Source data:

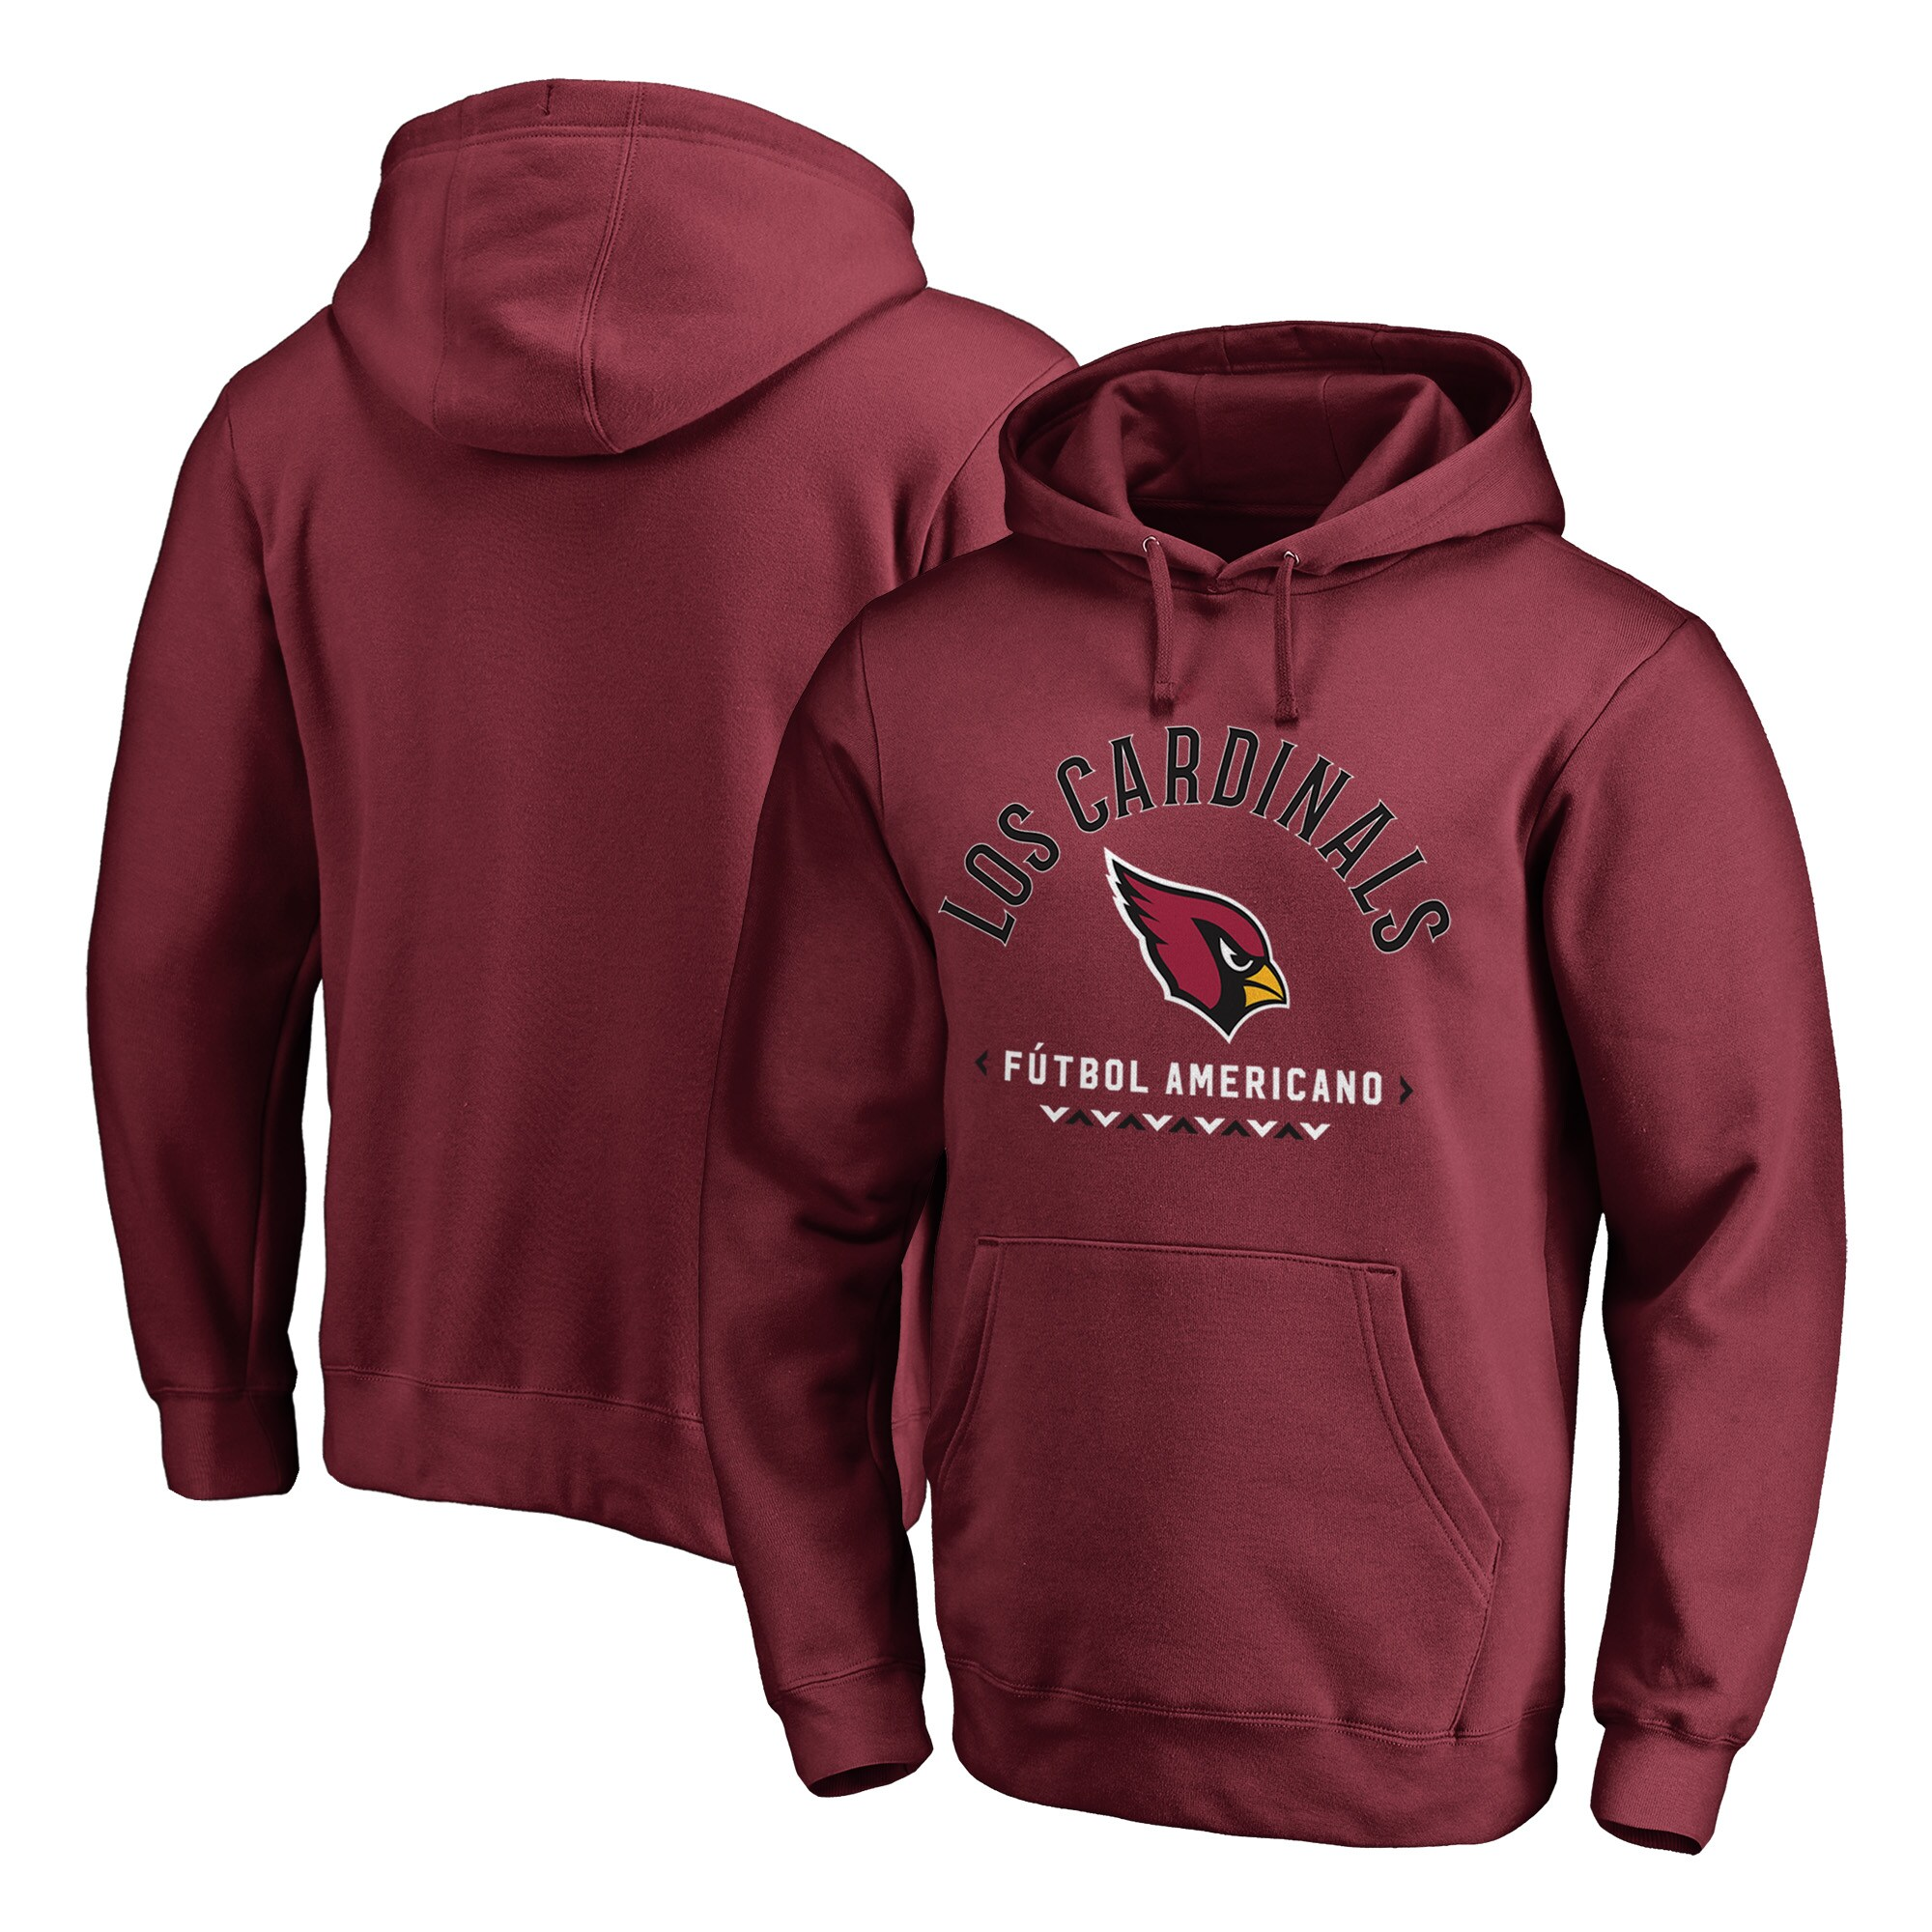 Arizona Cardinals NFL Pro Line by Fanatics Branded Futbol Americano Pullover Hoodie - Cardinal
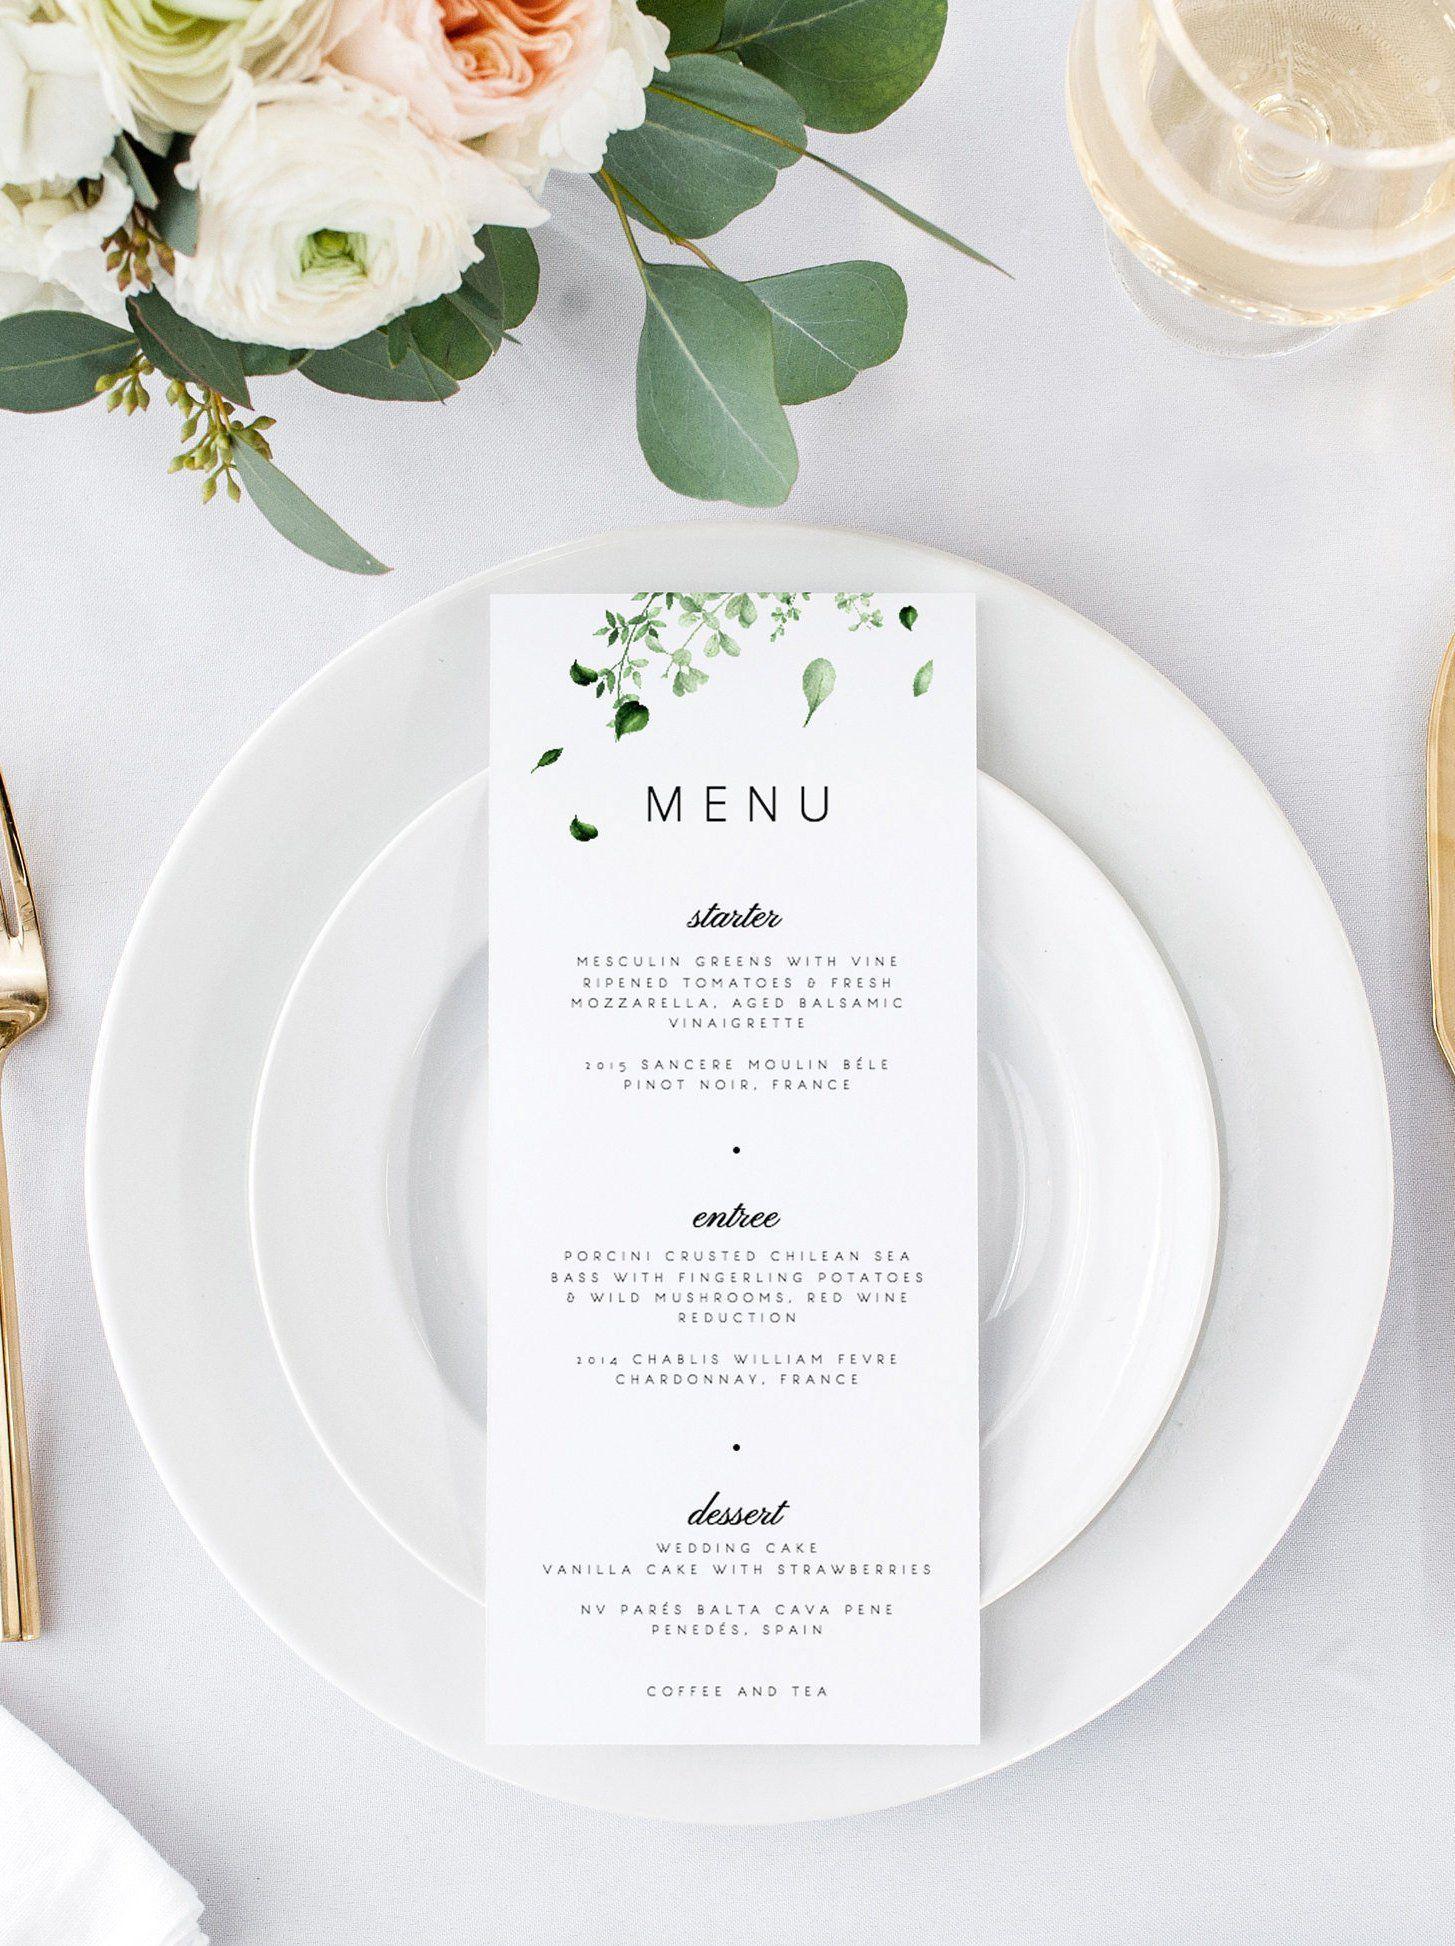 Greenery Wedding Menu Wedding Menu Template Botanical Green Leaves Menu Cards Printable Dinner Menu Templett Editable Instant Download 05 #weddingmenutemplate
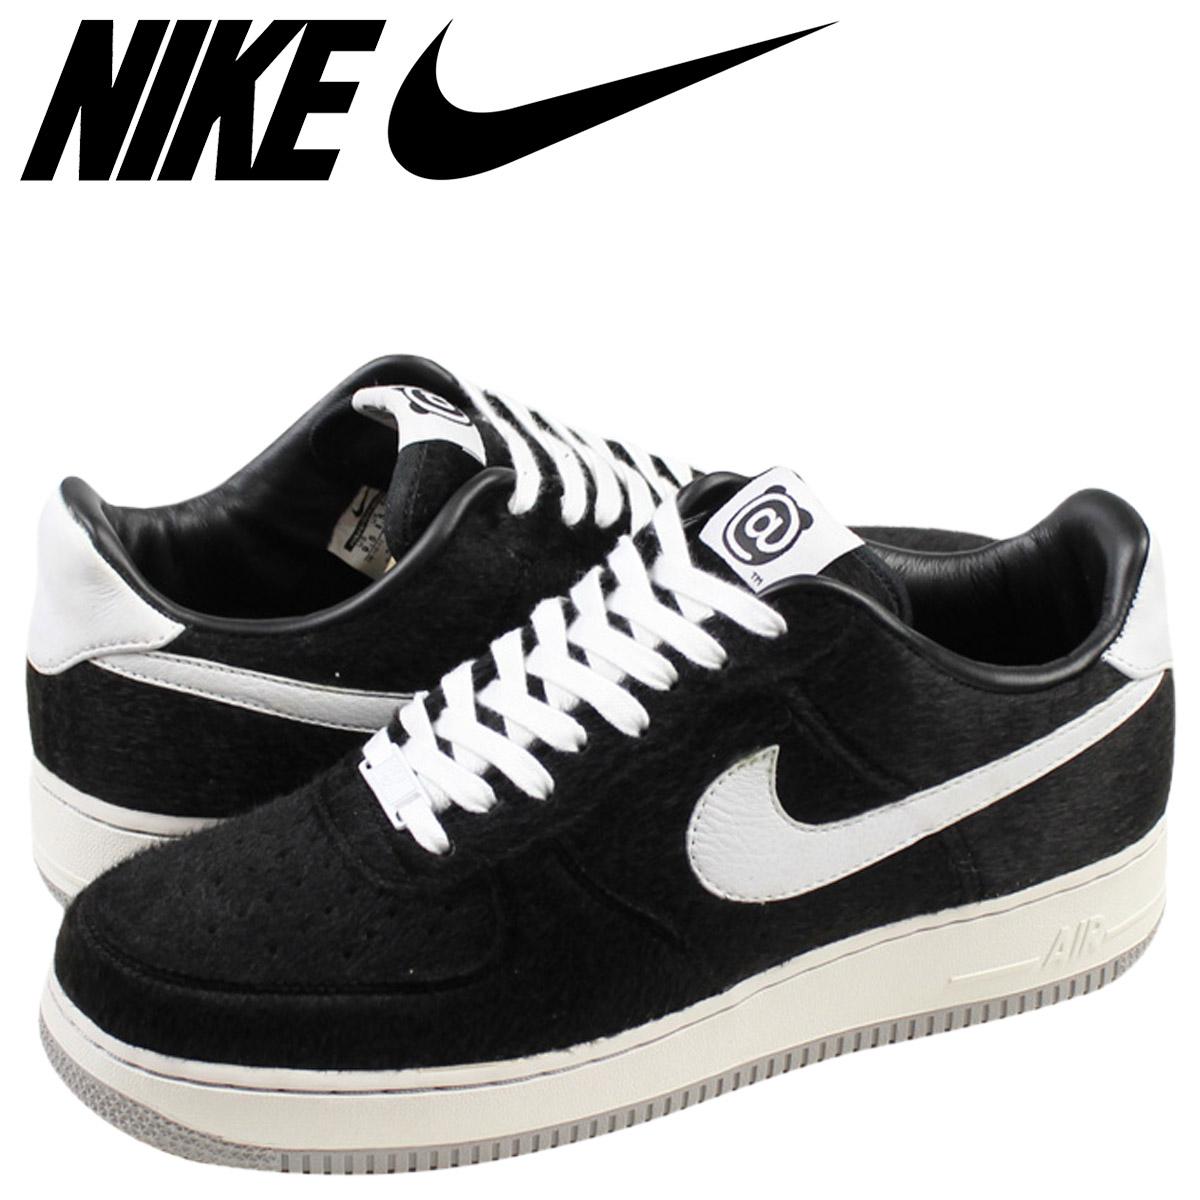 c46a823ca3a4  SOLD OUT  Nike NIKE air force sneakers AIR FORCE 1 LOW PRM TZ BEARBRICK air  Forson low premium be rbrcik MEDICOM 512518-090 black mens

The problem: Drop the images, then copy the data exactly.

Exercise result:
 Arizona Cardinals NFL Pro Line by Fanatics Branded Futbol Americano Pullover Hoodie - Cardinal
 Greenery Wedding Menu Wedding Menu Template Botanical Green Leaves Menu Cards Printable Dinner Menu Templett Editable Instant Download 05 #weddingmenutemplate
 c46a823ca3a4  SOLD OUT  Nike NIKE air force sneakers AIR FORCE 1 LOW PRM TZ BEARBRICK air  Forson low premium be rbrcik MEDICOM 512518-090 black mens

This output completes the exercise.